Все старались помочь ему основательнее подготовиться. Сам комэск Долгополенко как-то пришел на манеж, где Петр занимался рубкой лозы, посмотрел, потом подозвал его к себе.
— Идешь на рубку — сосредоточься,— сказал он Петру.— Все внимание той лозе, на которую идешь. Про остальные пока забудь. Ссек первую — готовься к следующей, опять к ней одной. И так пока не ссечешь все.
Потом мягко вскочил на Выдру, взял из рук Петра клинок и, проскакав меж станков, лихо ссек все лозы.
Петру показалось, что Выдра, почувствовав настоящего кавалериста, пронеслась по станкам с молниеносной быстротой. Сам же Долгополенко был другого мнения.
— Больше на твою старуху не сяду,— сказал он Петру.— Не тот аллюр. Этак можно и руку испортить.— Но, отдав Петру поводья, успокоил его: — Я не сяду, а тебе в самый раз. Если быстрее, тебе не успеть. А по станкам идет ровно. Так что все за тобой.
Петру очень понравилось, что командир эскадрона не стал произносить никаких лишних слов вроде «во что бы то ни стало», «честь нашего эскадрона» и тому подобное.
Зато об ответственности ему не уставал напоминать Петр Петрович:
— Ну, первое место, понятно, трудно взять. Но уж второе или третье обязательно...
Весь личный состав эскадрона, кроме занятых в суточном наряде, собрали в самую вместительную спальню. Возле пирамиды с оружием поставили столик и за ним длинную скамью.
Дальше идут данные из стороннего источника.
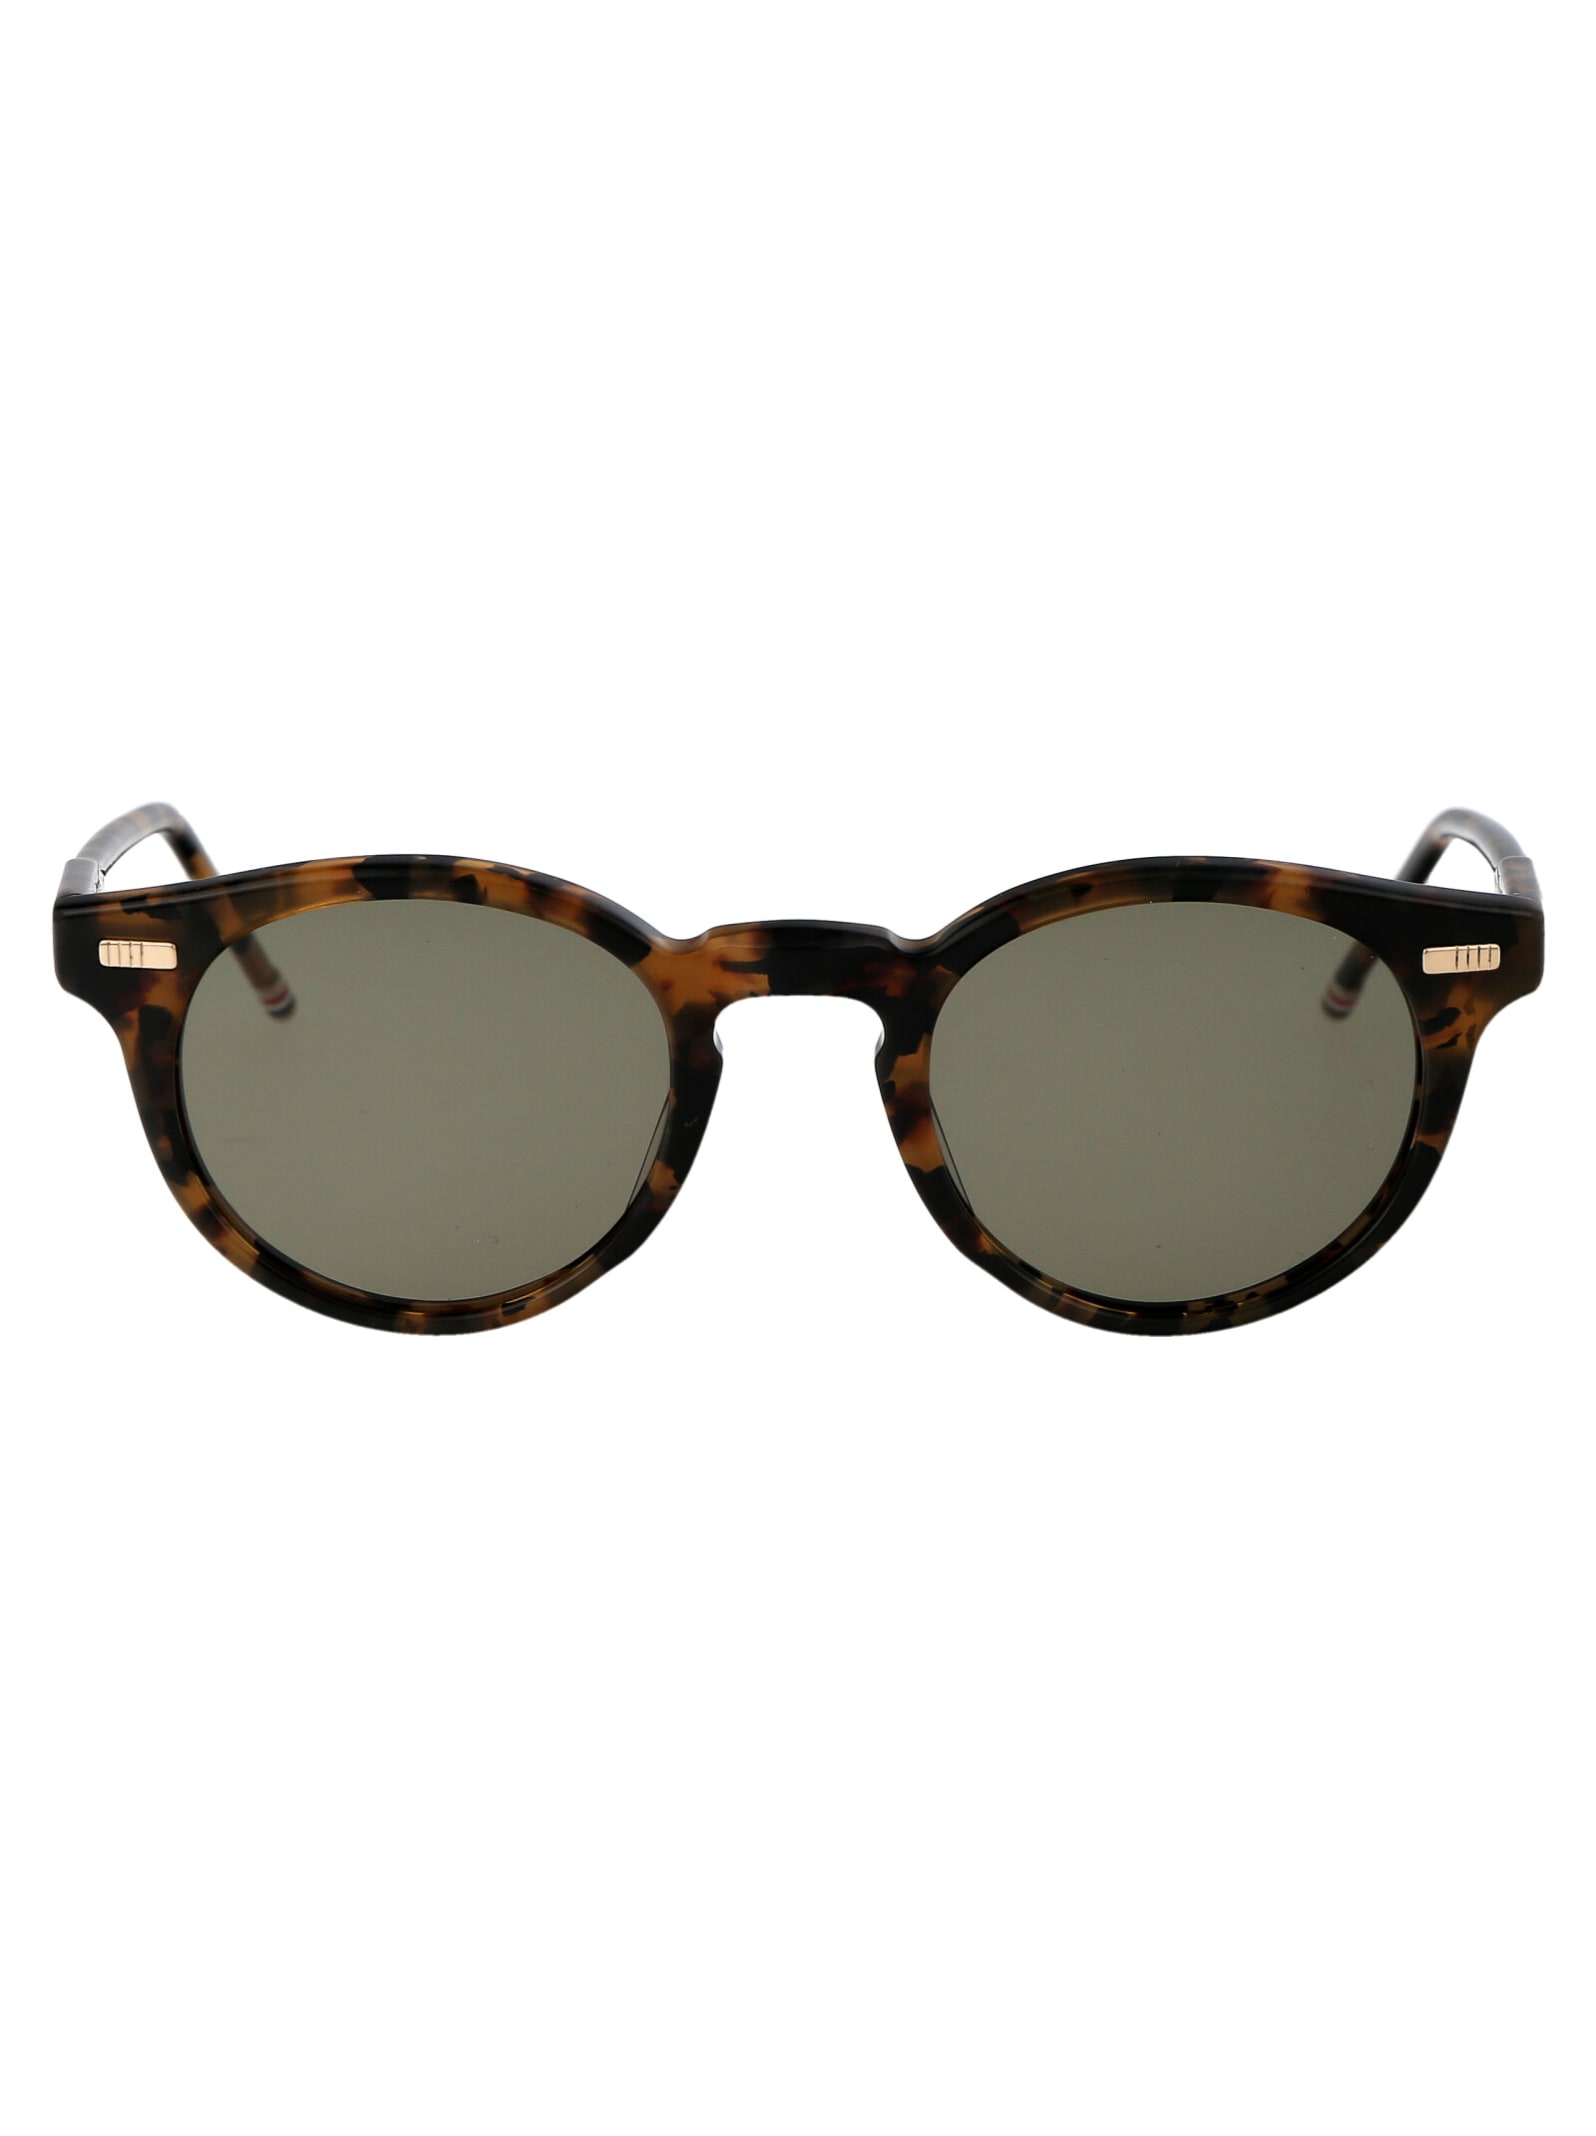 Ues404a-g0002-205-45 Sunglasses

За столиком встал комиссар эскадрона; на скамью сели по одну сторону командир эскадрона Долгополенко и начальник школы Рюхин, по другую незнакомый командир довольно тщедушного телосложения с тремя кубарями на синих петлицах.
Лица у них были суровые и встревоженные, а у незнакомого командира — мрачное.
— Товарищи красноармейцы и командиры!..— громко и внятно произнес комиссар.— Враги нашей партии, враги нашего народа нанесли нам тяжелый удар... Вчера в Ленинграде на боевом революционном посту от руки подлого убийцы погиб любимец партии и советского народа, выдающийся революционер, секретарь Центрального Комитета партии и Ленинградского комитета Сергей Миронович Киров...
На мгновение он смолк, и тут же тяжелая тишина прорвалась его криком:
— Кирова убили!.. Кирова!.. Пламенного трибуна нашей партии... Нашего Кирова!..
У Петра перед глазами возник коренастый человек в расстегнутой куртке и кожаной фуражке, с выбивающимися из-под околыша непослушными вихрами... Он хорошо знал, кто такой Киров, мог понять, какую утрату понесла партия. Да и вряд ли были в казарме такие, кто не слышал этого имени, не знал ничего о Сергее Мироновиче Кирове.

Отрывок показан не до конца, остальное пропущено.